Use this code when retinopathy is present but macular edema is explicitly ruled out or not documented. Because E08.319 maps to a payment HCC, the provider's documentation must satisfy MEAT criteria (Monitor, Evaluate, Assess, or Treat) for the encounter to count toward the patient's Medicare Advantage risk adjustment score. When documentation is ambiguous, coders should issue a provider query rather than assume the highest-specificity variant.

HCC Buddy maintains structured V28 and V24 mapping, RAF weights, and MEAT documentation criteria for E08.319 sourced directly from the CMS-HCC risk adjustment model files and the CMS ICD-10-CM code set.

Coding Tips

  • Use this code when retinopathy is present but macular edema is explicitly ruled out or not documented
  • Ensure the underlying condition is coded separately

Clinical Significance

Diabetes mellitus due to an underlying condition with unspecified diabetic retinopathy without macular edema indicates diabetic eye disease in secondary diabetes where the retinopathy stage has not been specified and the macula is not involved. While the absence of macular edema is favorable for central vision preservation, the unspecified retinopathy stage limits clinical utility and may indicate incomplete ophthalmologic evaluation. Regular dilated eye examinations are essential to monitor for progression.

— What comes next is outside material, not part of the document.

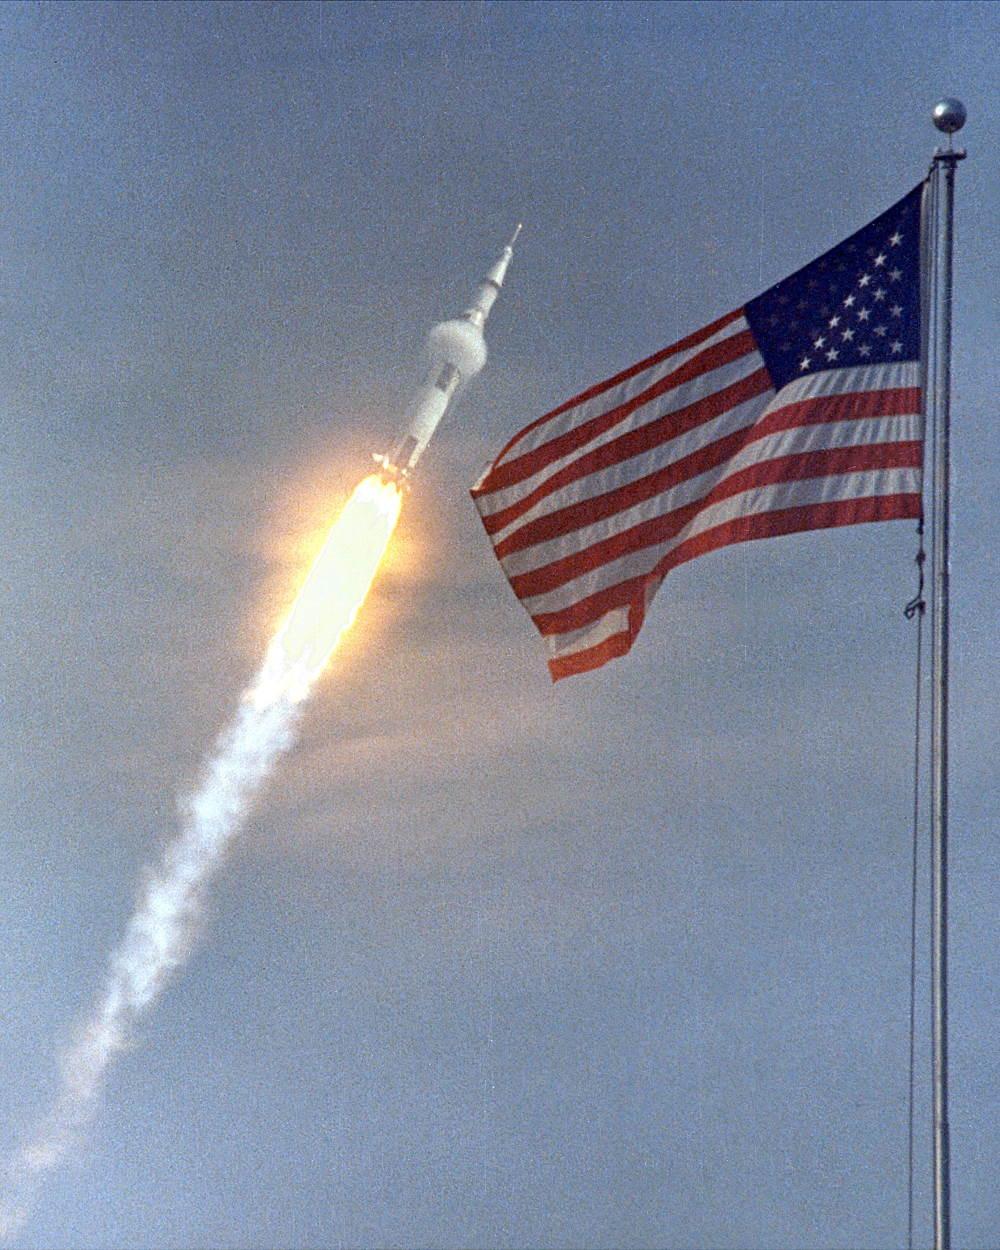 Saturn V chính thức cất cánh vào 16/07/2019, nó tạo ra lực đẩy gần 3.500 tấn, mang theo 3 phi hành gia của sứ mệnh Apollo 11 và nhiều trang thiết bị phục vụ mục đích nghiên cứu khoa học.

Documentation Requirements

  • Document the underlying condition causing diabetes, the presence of diabetic retinopathy on fundoscopic examination, explicit absence of macular edema, and laterality.
  • Query the ophthalmologist for the specific stage of retinopathy (nonproliferative mild/moderate/severe or proliferative) to enable more specific coding.
  • Record the frequency of follow-up eye examinations.